Computation mapping for multi-level storage cache hierarchies

  • Authors:
  • Mahmut Kandemir;Sai Prashanth Muralidhara;Mustafa Karakoy;Seung Woo Son

  • Affiliations:
  • Pennsylvania State University;Pennsylvania State University;Imperial College;Argonne National Laboratory

  • Venue:
  • Proceedings of the 19th ACM International Symposium on High Performance Distributed Computing
  • Year:
  • 2010

Quantified Score

Hi-index 0.00

Visualization

Abstract

Improving I/O performance is an important issue for many data-intensive, large-scale parallel applications.

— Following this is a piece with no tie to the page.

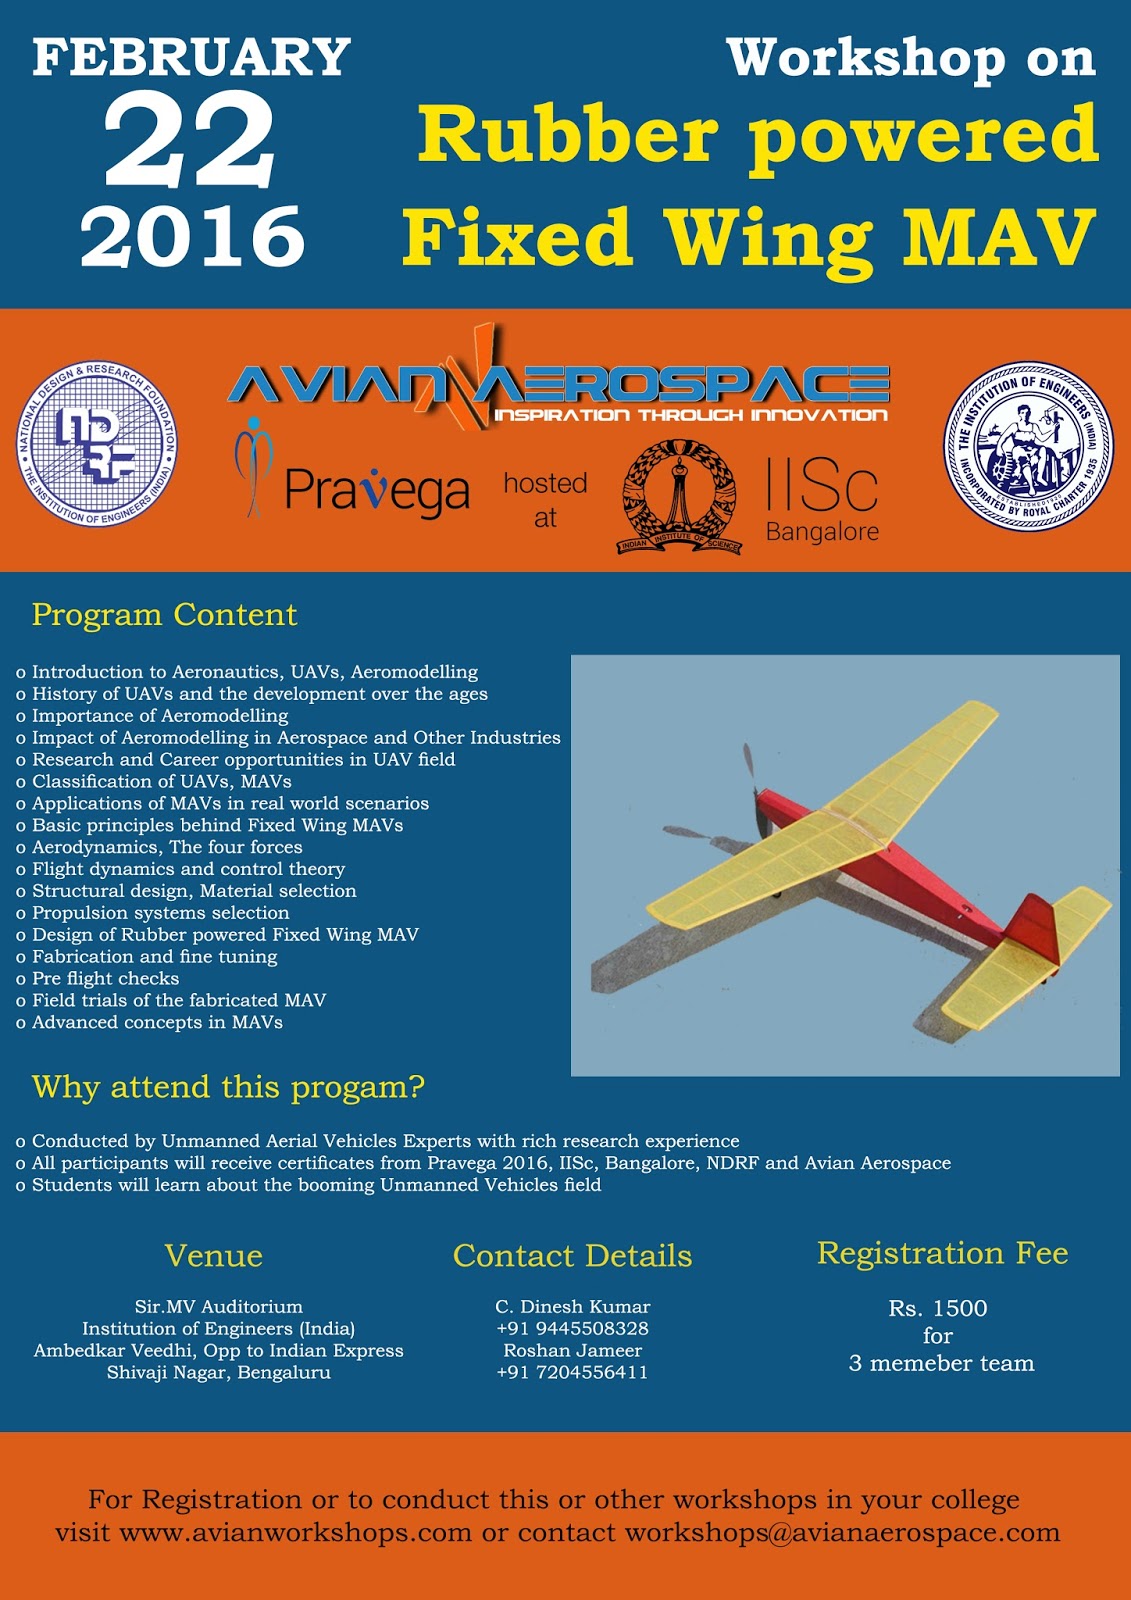 One day workshop on Rubber Powered Micro Airplane (Fixed Wing MAV)
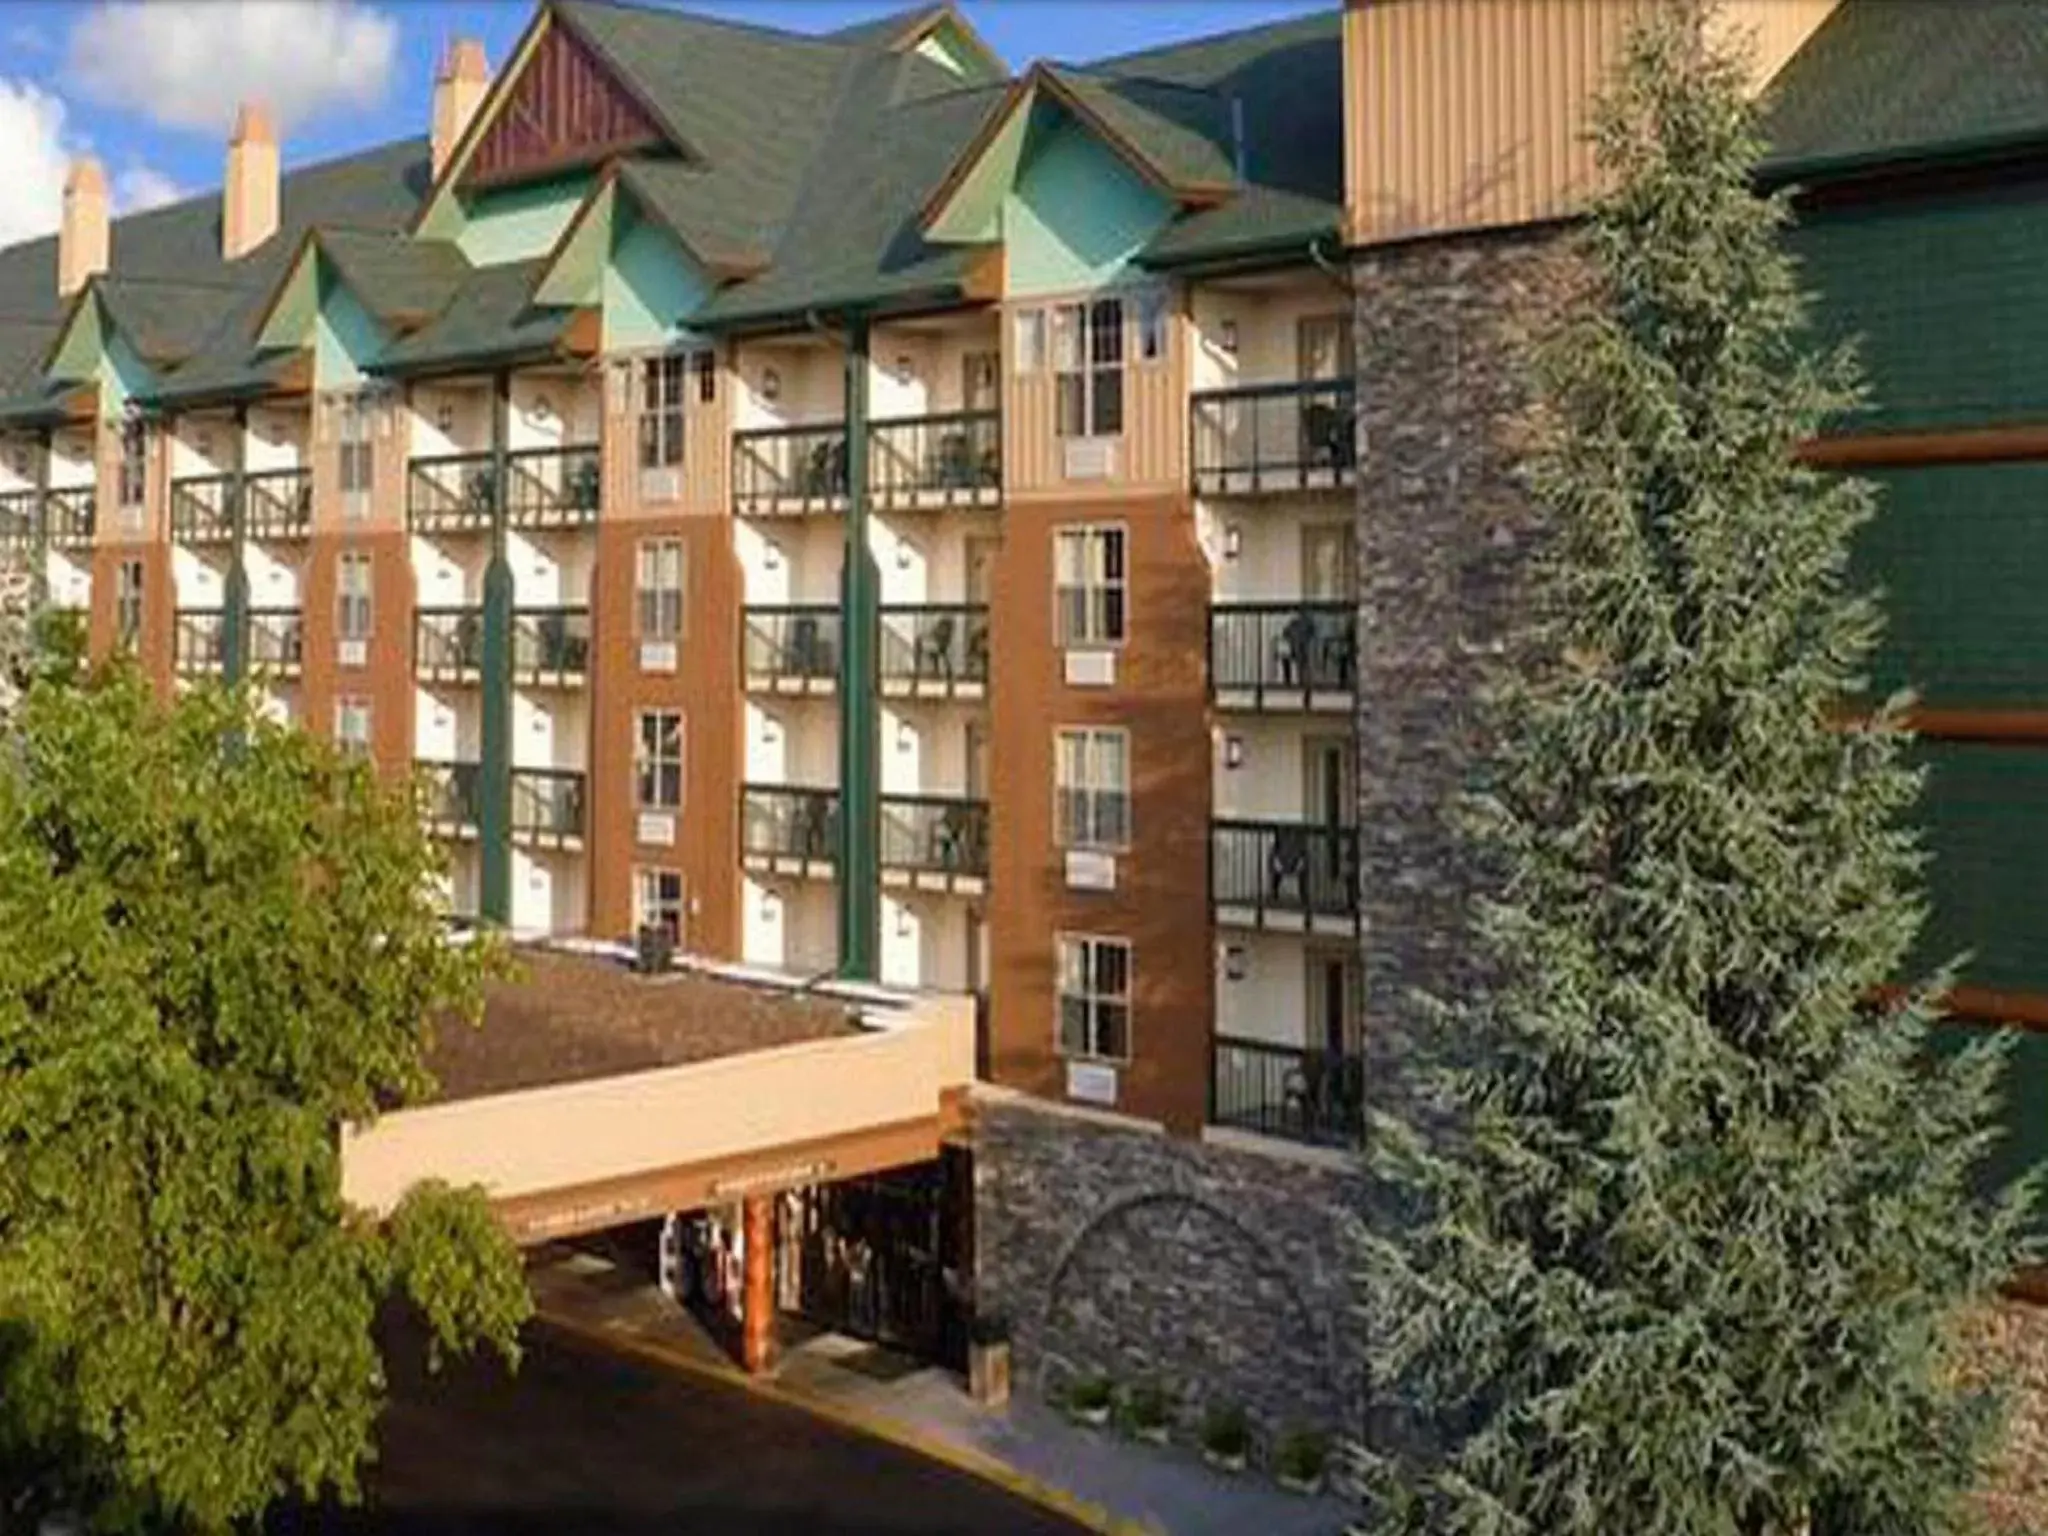 Facade/entrance in Grand Smokies Resort Lodge Pigeon Forge

Although storage caches are used for improving I/O latencies of parallel applications, most of the prior work has focused on the management and partitioning of cache space. In particular, the compiler's role in taking advantage of multilevel storage caches has been largely unexplored. The main contribution of this paper is a shared-storage, cache-aware loop iteration distribution (iteration-to-processor mapping) scheme for I/O-intensive applications that manipulate disk-resident data sets. The proposed scheme is compiler directed and can be tuned to target any multilevel storage cache hierarchy. At the core of our scheme lies an iterative strategy that clusters loop iterations based on the underlying storage cache hierarchy and on the way these different storage caches in the hierarchy are shared by different processors. We tested this mapping scheme using a set of eight I/O-intensive application programs. The results collected so far are promising. Our proposed scheme improves the I/O performance of the tested applications by 26.3% on average, and this improvement leads to an average 18.9% reduction in the overall execution latencies of these applications. Moreover, our scheme performs significantly better than a state-of-the-art (but storage-cache- hierarchy agnostic) data locality optimization scheme. We also present an enhancement to our baseline implementation that performs local scheduling once the loop iteration distribution is performed. We observe that applying this enhancement improves I/O latency and total execution time further by 30.7% and 21.9%, respectively.